Night Guard, TMJ, Bruxism, Tooth Grinding, NightGuard is a product designed to help. If you can't eliminate the causes of your nighttime stress, you can at least minimize the time you'll spend popping bones back into place and the money you'd spend at the dentist once you've ground your way into a root canal or two. (Ever break a crown? I've known people who have. Not pretty.)

One of the nice things I've found as I've gotten older and more familiar with these problems is that I have full removeable dentures. I get to take my dentures out at night, and although my jaw still tries to grind those teeth together there's no way that the upper and lower jaw can make full contact. I often wake up in the morning to find my jaw popped out, and I'm sincerely grateful for only a dislocated jaw instead of a broken tooth.
We may finally be getting that sideboard for the living room that I've been dreaming of! A friend is letting us come over this morning and take a look at a piece that's been sitting in her garage for some time collecting dust. Oh, I hope this works out! So much fun. I could actually have a local home number to plug in and screen my calls again.

The Toddler had a very rough night, as compared to the past week of beautiful night-sleeping. I feel bad for her. I feel worse for us. At least there were three adults to get up with her, none of us took more than two turns.

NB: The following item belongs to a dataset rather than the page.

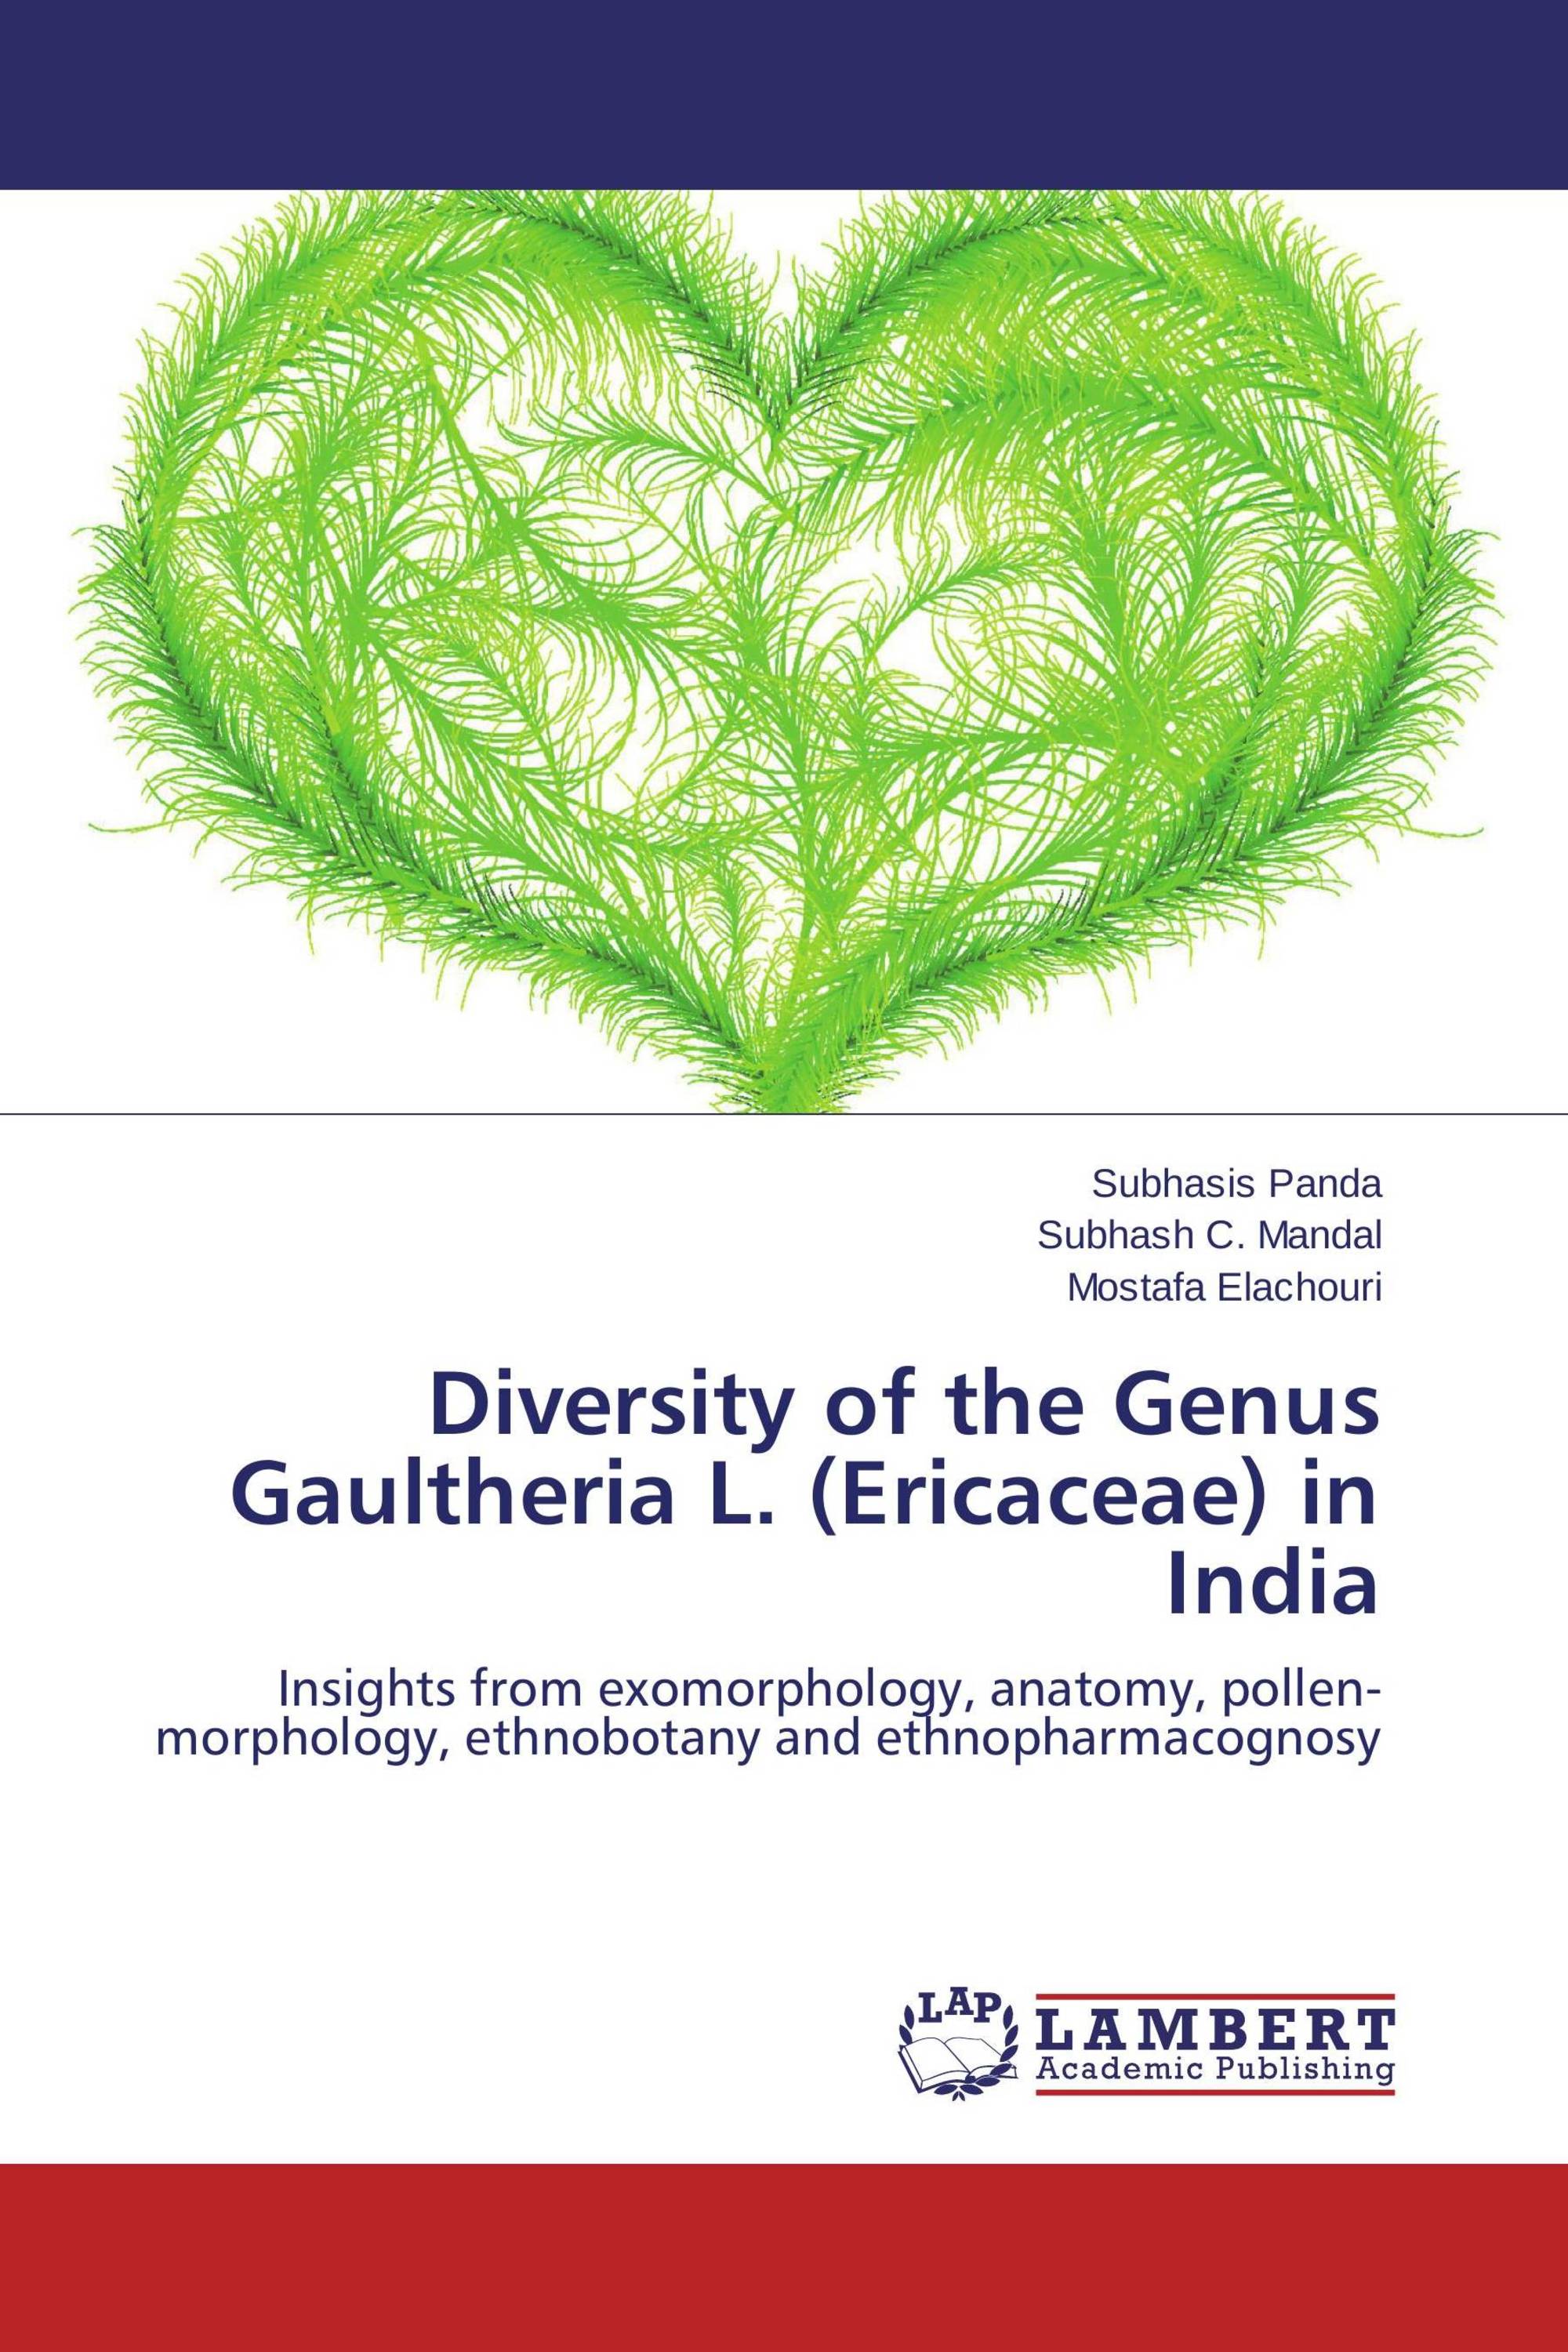 Diversity of the Genus Gaultheria L. (Ericaceae) in India

This morning is a quiet morning. A very quiet morning. Let us all pause and reflect that it's a gorgeous Labor Day weekend, the summer vacation season is now officially over, and we have stepped into a brand new school/academic year. Despite what the local districts think, what with them starting so early and all... call me prejudiced, but the school year rules I follow are still stuck on what the district I grew up in followed. School starts the day after Labor Day. School ends the week of my birthday. In the middle are a handful of tenderly cherished snow days. Not that I expect to see snow days here, but a girl can dream, can't she?